Machine Learning Department, School of Computer Science, Carnegie Mellon University, Pittsburgh, PA, USA.
Ray and Stephanie Lane Computational Biology Department, School of Computer Science, Carnegie Mellon University, Pittsburgh, PA, USA.
Nat Methods. 2024 Aug;21(8):1454-1461. doi: 10.1038/s41592-024-02359-7. Epub 2024 Aug 9.
Recent advances in machine learning have enabled the development of next-generation predictive models for complex computational biology problems, thereby spurring the use of interpretable machine learning (IML) to unveil biological insights.
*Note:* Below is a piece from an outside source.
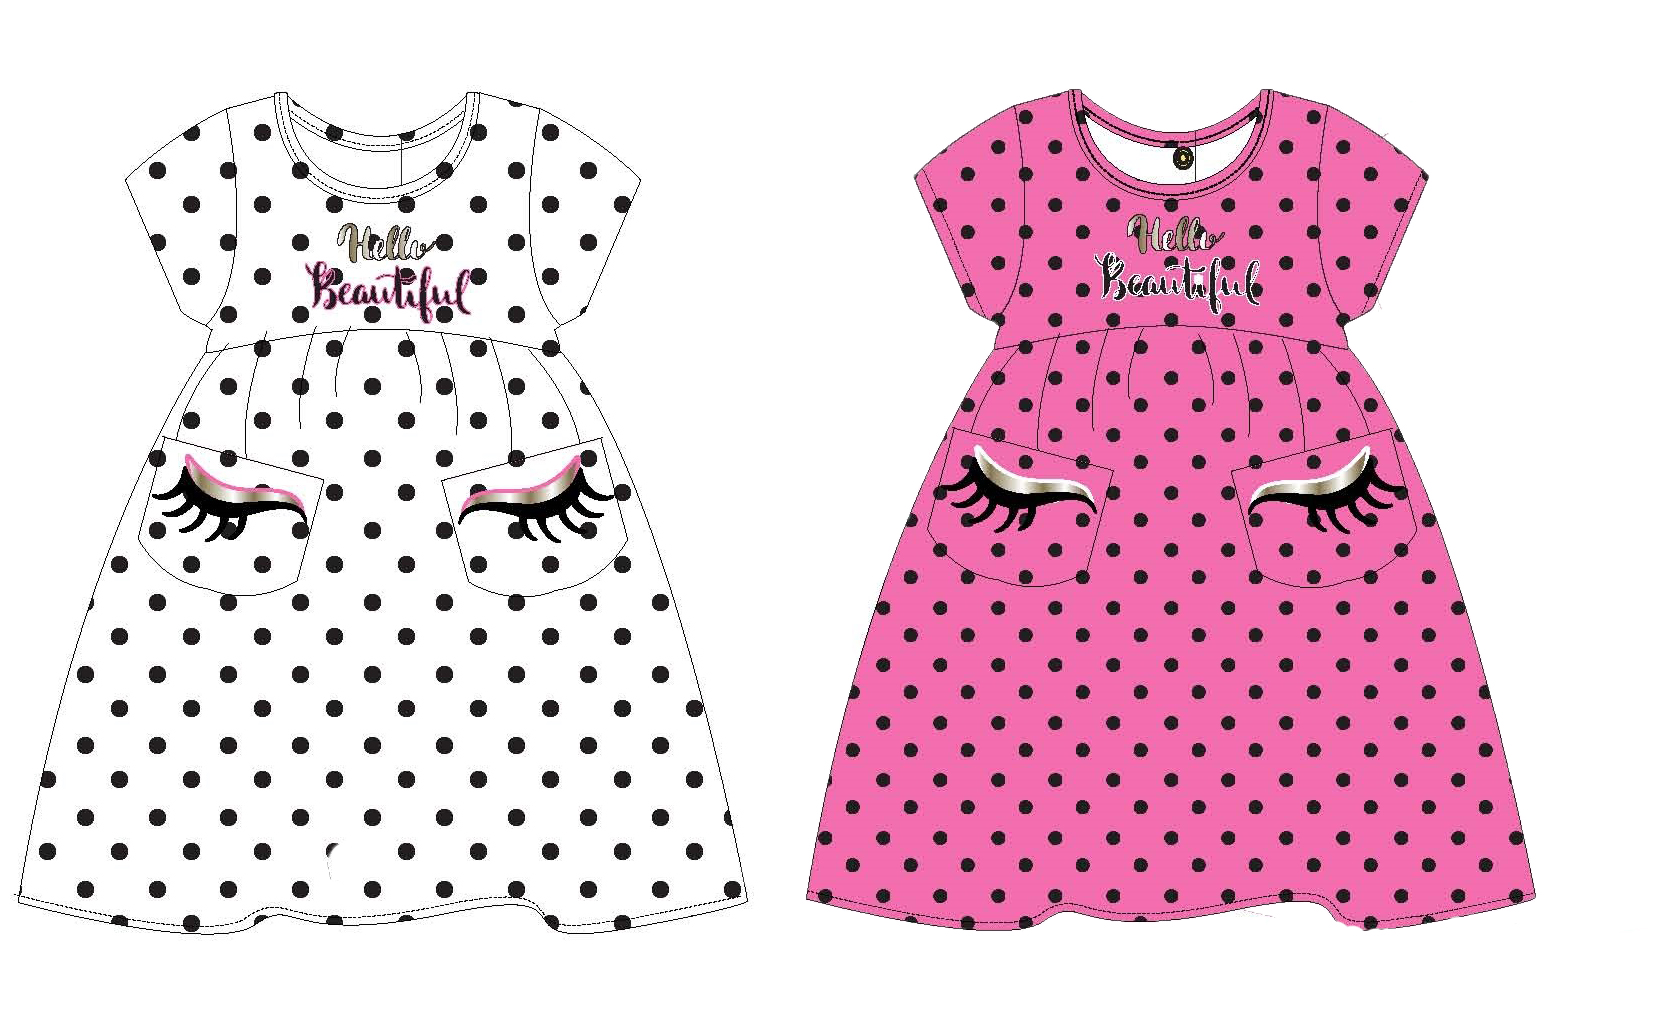 Girl's Knit Hello Beautiful Dresses w/ Polka Dots & Blush Eye-Lash Print - Sizes 4-6X

However, guidelines for using IML in computational biology are generally underdeveloped. We provide an overview of IML methods and evaluation techniques and discuss common pitfalls encountered when applying IML methods to computational biology problems. We also highlight open questions, especially in the era of large language models, and call for collaboration between IML and computational biology researchers.
近年来,机器学习的发展使得开发下一代预测模型来解决复杂的计算生物学问题成为可能,从而推动了可解释机器学习(IML)的使用,以揭示生物学见解。然而,在计算生物学中使用 IML 的指南通常还不够完善。我们提供了 IML 方法和评估技术的概述,并讨论了在将 IML 方法应用于计算生物学问题时遇到的常见陷阱。我们还强调了一些开放性问题,特别是在大型语言模型时代,呼吁 IML 和计算生物学研究人员之间进行合作。